Your garden is lovely. What is the clematis?


----------



## Lurcherlad (Jan 5, 2013)

wind1 said:


> Your garden is lovely. What is the clematis?


Thank you - I just chuck it in and hope for the best! 

Pretty sure it's a Miss Bateman clematis


----------



## Charity (Apr 17, 2013)

My first rose out this year










This rock rose starting flowering back in late March in the cold weather










Have had this lilac in a pot for donkeys years


----------



## QOTN (Jan 3, 2014)

Penelope was my first rose to flower this year but the hard frosts destroyed the open blooms so I think the winner has got to be Souvenir de St. Annes as usual. I have taken a pic of just one flower because it is a big bush and the flowers are still a bit sparse at the moment. It is not a spectacular rose but has been a mainstay in my garden for over 25 years.

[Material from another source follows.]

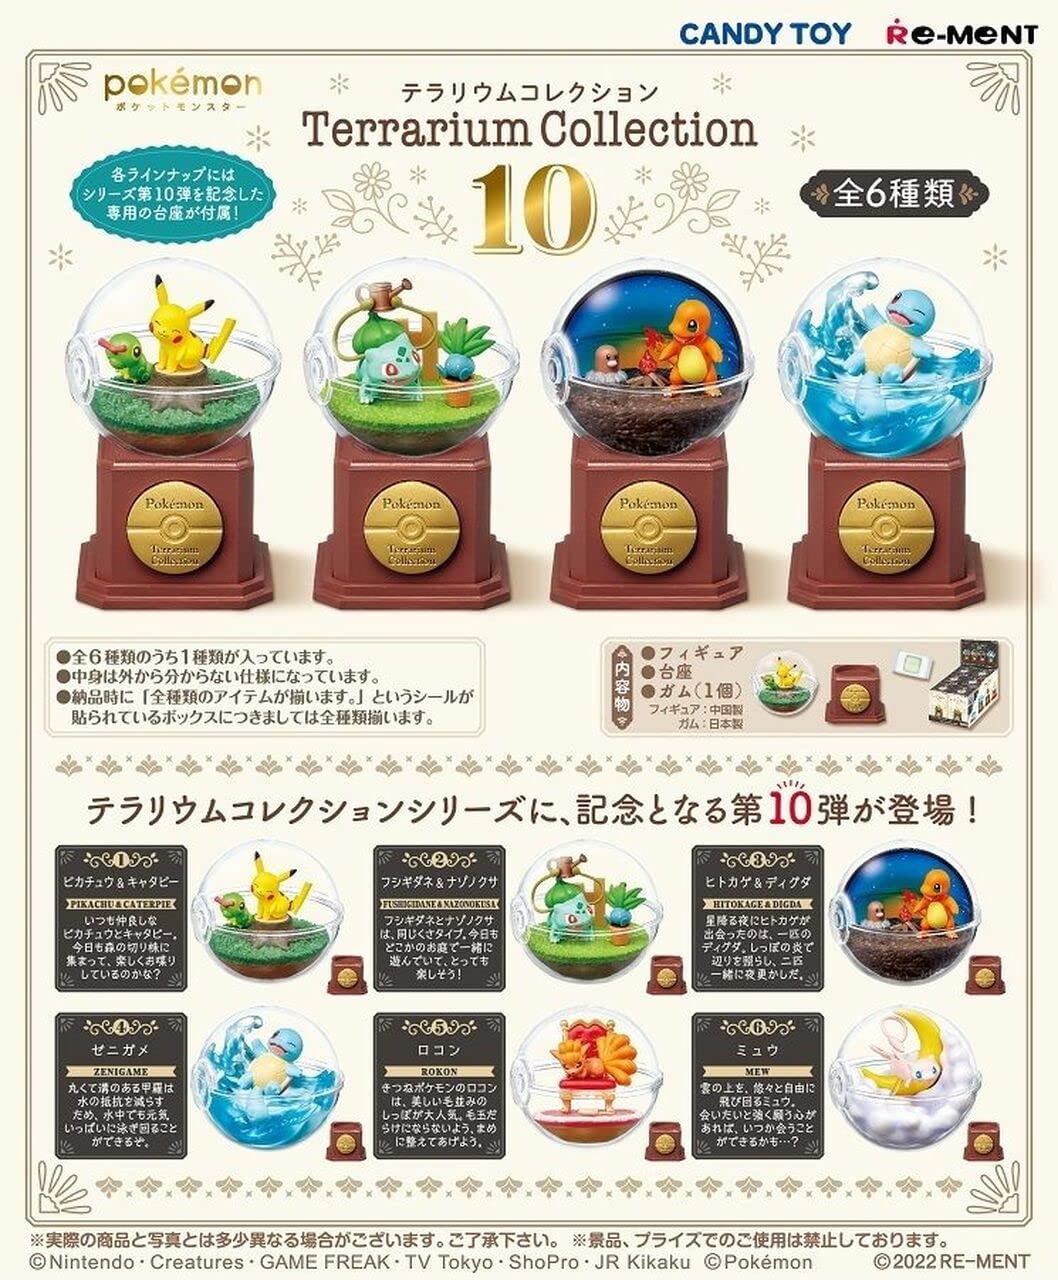 Re-Ment Mini Figures Complete Box (Set of 6) - Terrarium Collection 10
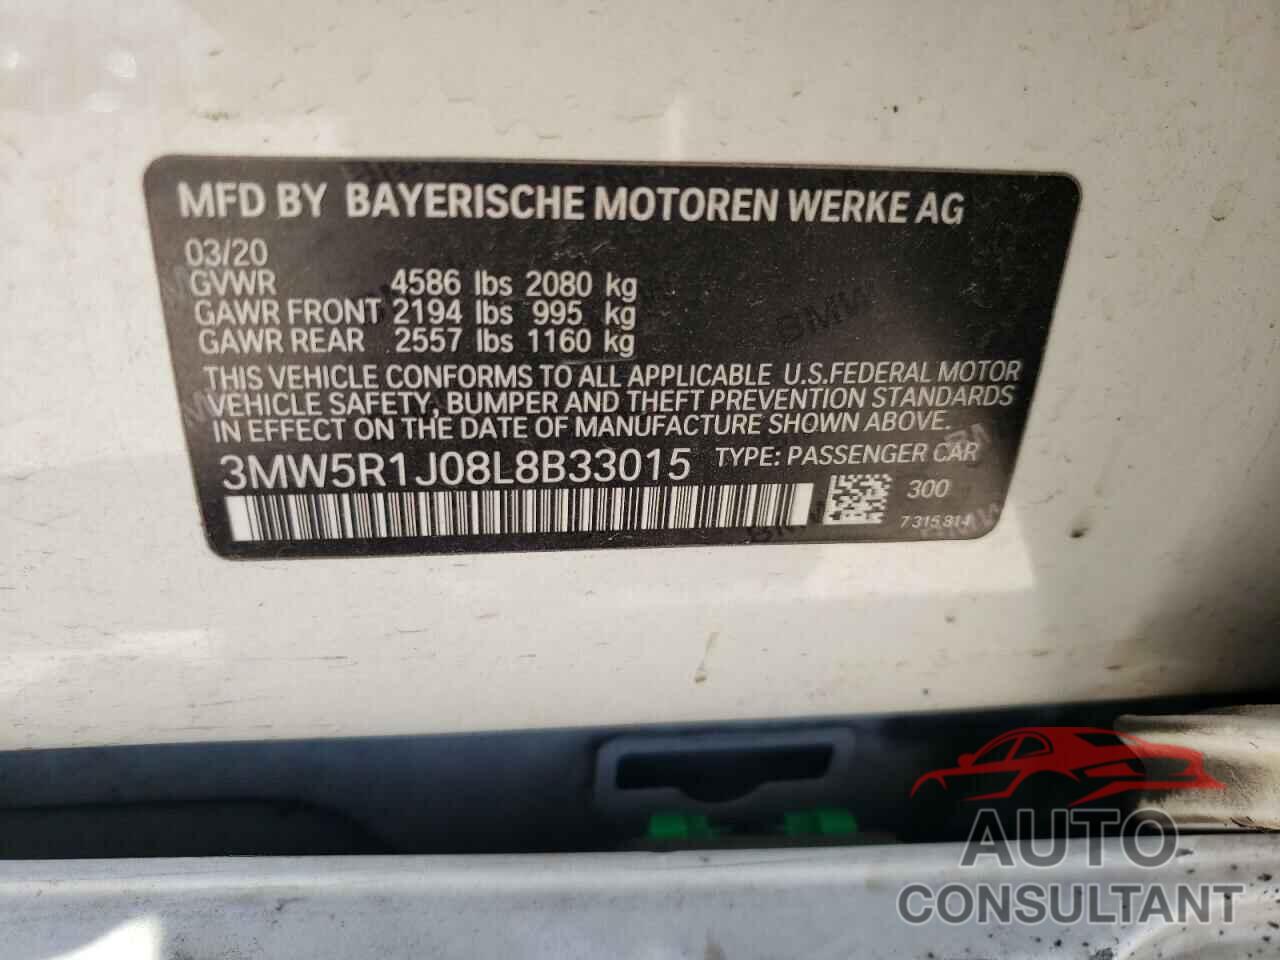 BMW 3 SERIES 2020 - 3MW5R1J08L8B33015

I think the best colour in the world is the blue of the sky but these bluebells come pretty close. They were in my garden when I moved here over 30 years ago and are still here. Virtually everything else was not to my taste so had to go. They are not the native ones with flowers on one side of the stem only but I am not a purist. I love them.


----------



## Honeys mum (Jan 11, 2013)

Replanted one of my sinks yesterday.


----------



## Honeys mum (Jan 11, 2013)

Some of the plants in full flower already.
Dicentra








Double flowered Ranculas








Black Tulip


----------



## Lexiedhb (Jun 9, 2011)

Mines looking like this atm


----------



## QOTN (Jan 3, 2014)

First Iris out. I don't understand them. The others are not even considering opening at the moment and they are in the same position.









Euphorbia Dulcis Chameleon is a favourite plant of mine. This one is not as red as some of them but they are so elegant compared with most other euphorbias.









I love Hesperis especially in the evening.


----------



## Charity (Apr 17, 2013)

I just love this shrub which is out in our garden at the moment. My photo can't do the colour justice but on a dull, rainy day like we have today, the yellow just shines. The flowers are insignificant but pretty and have just come out the last few days. Once the weather gets hotter and it gets quite a bit of sun, the leaves are inclined to burn and then it doesn't look too good. Its Physocarpus Darts Gold, one of my Spring favourites.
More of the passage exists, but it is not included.